OTTAWA - In the twilight of the Cold War, East German spies scooped up Canadian scientific secrets on everything from cutting-edge military technology to the manufacture of imitation leather and welding rods, new research shows.

The Stasi, the massive intelligence arm of the now-defunct German Democratic Republic, also obtained confidences of the Canadian Security Intelligence Service, including the names of employees and dealings with American spy services.

One shadowy agent codenamed Siegfried diligently collected dozens of pieces of documentation such as residence and work permits -- information spies could later use to slip into Canada.

The revelations were unearthed by Helmut Muller-Enbergs of the German federal commission for the Stasi archives in Berlin.

His findings will be presented in Ottawa on Saturday at the annual conference of the Canadian Association for Security and Intelligence Studies, just days before the 20th anniversary of the fall of the Berlin Wall.

The Hauptverwaltung A, the Stasi foreign intelligence service, had "undoubtedly deep insights into the domestic and foreign affairs of Canada," Muller-Enbergs says in a research paper detailing the clandestine operations.

For eight years beginning in 1981, Siegfried -- an agent the Stasi archivists have been unable to identify -- passed more than five dozen pieces of intelligence to headquarters, much of it during the mid-1980s when he likely lived in Canada.

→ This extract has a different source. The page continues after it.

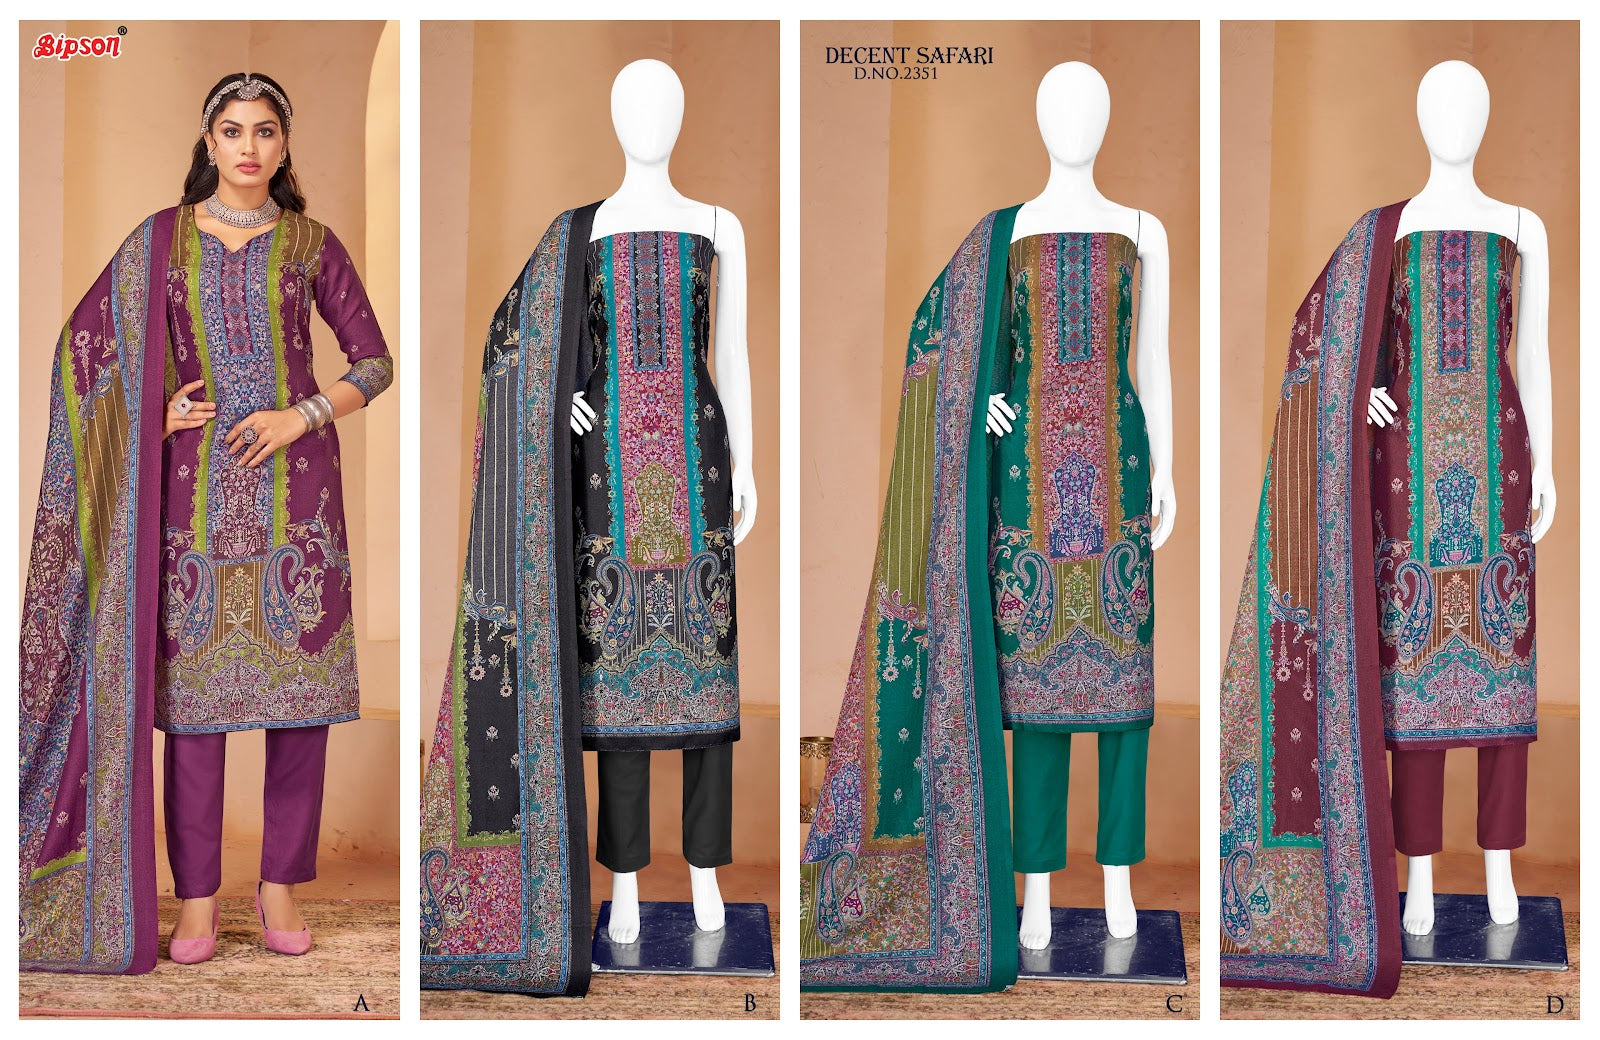 Decent Safari 2351 Bipson Prints Pashmina Suits

The reports included information on passports, residence permits, car registration, unemployment insurance and income taxes.

"This type of information is needed in order to smuggle someone into or through Canada," Muller-Enbergs says.

"The state regulations governing everyday life were of primary concern, indicating that the country was to be used as an operational spearhead."

Indeed, the Stasi's primary interest in Canada was likely as a transit point for spiriting agents into the United States, said Gary Bruce, a history professor at Ontario's University of Waterloo.

"But to have an actual, established presence here in Canada -- not so much."

East Germany did not open an embassy in downtown Ottawa until late 1987 and the Cold War chill subsided before the Stasi could develop an extensive network of agents in Canada, Muller-Enbergs notes.

"Yet, there must have been some modest gain, as we see that most information delivered was in the form of copies of documents."

While Muller-Enbergs points to sources trolling for secrets in Canada, he concludes East German intelligence appears to have acquired much valuable information from the Soviets and other East Bloc intelligence agencies as well as sources in West Germany.

Of 1,339 pieces of intelligence about Canada from 1969 to 1989, more than a fifth came from partner agencies. Soviet intelligence made up the lion's share, followed by contributions from the spies of Bulgaria, Hungary, Poland and Czechoslovakia.

Soviet reports dealt with Canada's plan to export nuclear reactors, the country's role in NATO and then-prime minister Pierre Trudeau's trip to South America.

Three well-informed West German sources with access to documents from Canada supplied the Stasi with intelligence about Canada's views of Soviet leader Mikhail Gorbachev, relations with South Africa and even the 1979 NDP convention.

East Germany sought technical information on nuclear reactors, remote-controlled missiles and wheat yields.

It also wanted to acquire data about -- and actual examples of -- items including fake leather, heavy-duty sacks, welding rods and a 1982-era circuit board from Bell Laboratories.

Nineteen intelligence reports were traced to an agent codenamed Erich, who reported on National Defence and the agency now known as Defence Research and Development Canada.

"He provides intelligence on the Canadian military technology, going into great detail. Almost without exception, his reports were sent to the Soviet intelligence service," Muller-Enbergs says.

"But the source of this intelligence was not Canadian -- it was a female clerk, working at the West German Federal Ministry of Defence in Bonn."

The Hauptverwaltung A "showed a great deal of interest" in Canada's spy services, collecting 66 pieces of intelligence including nine about CSIS, which took over security duties from the RCMP in 1984. Much of it came via Soviet and Polish spies.

"The reports provided the real names of individual employees of the secret service," as well as material from the years marking transition between the two agencies, co-operation with American intelligence from 1983 to 1986, and the internal workings of CSIS in 1987, says the paper.

"Knowledge about the Canadian intelligence services was fragmentary and selective, but also very accurate."

CSIS had no immediate comment on the findings.

Ironically, the Canadian intelligence service may know just as much -- or more -- about Stasi operations in Canada.

In the chaotic early days of the East Bloc's demise, many of the Stasi's foreign intelligence files were destroyed and important index cards, which carried information about Canadian citizens, wound up in the hands of the U.S. Central Intelligence Agency.

Muller-Enbergs presumes CSIS is privy to at least some of this information trove.

"We, too, would certainly like to know what is on these index cards."